Reencontramos o símile do edifício não posto na sua exterioridade, como algo fatal a ser aceito pelos homens. O edifício, agora, é pensado com o demiurgo, sem que Marx deixe de movimentar as figuras do instrumentos mecânicos e as propriedades físicas, químicas etc. O conceito fundamental, então, é o de passagem entre homem e natureza (por isso, o instrumento é definido como um "condutor"). O "edifício", nesse passo, é o próprio corpo humano, modificado em relação ao animal, pela arte e pela técnica. A forma arquitetônica adquire movimento com o ato racional. Lugar-comum do marxismo, é o símile da abelha, da aranha, dos homens. Tal paradigma vem dos pré-socráticos, e foi elaborado por Platão, sendo fundamental no Renascimento. Gregory Vlastos, num ensaio fundamental sobre Demócrito, sublinha a originalidade do pensador arcaico, especialmente na idéia de que o homem constrói a si mesmo, tanto no plano ético quanto no seu relacionamento com o cosmos.

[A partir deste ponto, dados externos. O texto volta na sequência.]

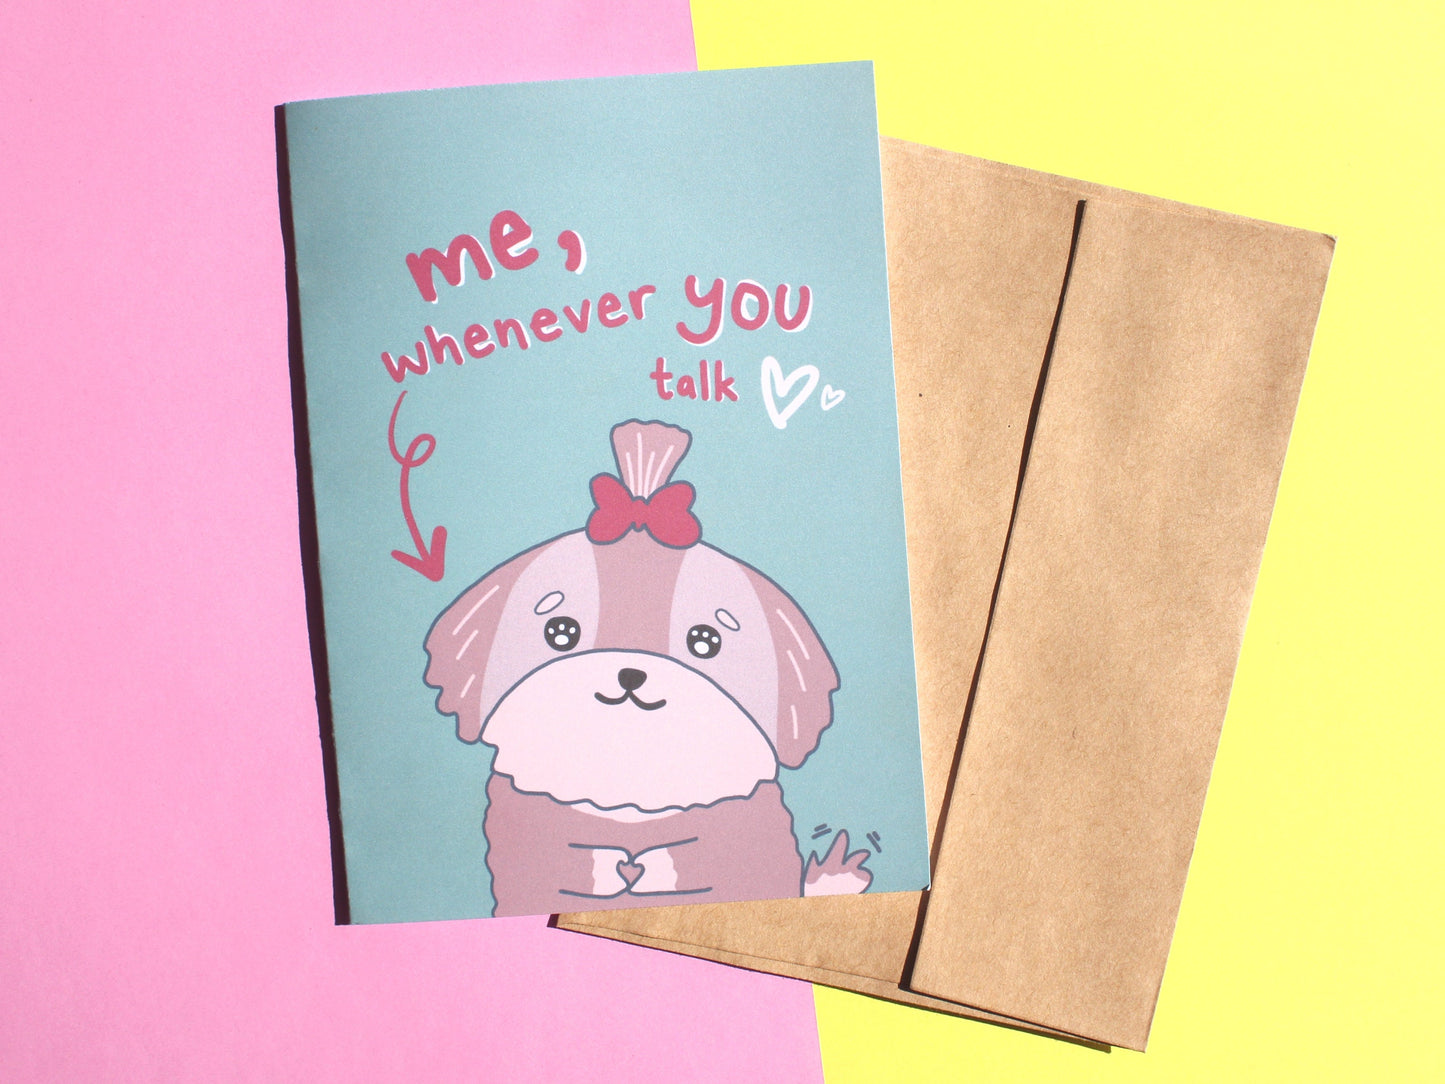 Me, Whenever You Talk Card | Funny Card | Card for Boyfriend | Card for Him

Marx recusa o mimetismo entre homem e animais. O capital usa, para realçar a diferença entre homens e animais, justamente, a consciência. Uma aranha efetiva operações parecidas com as do tecelão, e a abelha poderia envergonhar muito arquiteto humano (Baumeister), pela construção de suas celas. Mas o que distingue o pior arquiteto da melhor abelha é que o arquiteto constrói (gebaut) a cela na sua cabeça antes de construí-la na cera. No final de todo processo de trabalho, emerge um resultado que já tinha sido concebido na representação (Vorstellung) no início, logo já existia de modo ideal (ideell). Esse campo conceitual e imagético amplia a metáfora arquitetônica, mas sem a carga da exterioridade "objetiva", suposta numa leitura isolada do trecho sobre a "superestrutura". Nesse item, Marx retoma Hegel. Nas Lições sobre a estética, ao se discutir a arquitetura, entre outras artes, afirma-se que ela "não imita a natureza". Ao redor dos conceitos filosóficos utilizados por Marx, notemos o termo "Ideell". Este é um ponto estratégico no que tange ao exercício do pensamento. Não temos, em nossa língua, equivalente para o matiz, encontrável no alemão e no francês, entre "Ideal" (modelo, protótipo), e "Ideell" (o que está no pensamento, na representação, "Vorstellung", de quem concebe). Muitas hermenêuticas do texto marxista perderam esse elemento ativo, o qual supõe o ato subjetivo de imaginar e de refletir. Ainda um trecho supostamente "conhecido", mas necessário para definir a consistência do paradigma da arquitetura e do demiurgo arquiteto, no momento em que Marx rompe com o mestre Hegel. “Meu método dialético, nas suas fundações, é não só diverso perante o de Hegel, mas o seu oposto direto. Para Hegel, é o processo de pensamento, o qual ele transforma, sob o nome de Idéia (Idee) num sujeito independente, o demiurgo do efetivo (der Demiurg de Wirklichen), o qual seria apenas a sua aparência externa figurada. Para mim, pelo contrário, o ideal (das Ideelle) nada mais é do que o material invertido e traduzido (überzetzte) na cabeça do homem.53 Na tradução de Fowkes, "demiurgo" é posto como "criador",54 o que impõe ao pensamento de Marx a forma cristã e romântica, retirando-lhe as ressonâncias filosóficas originais.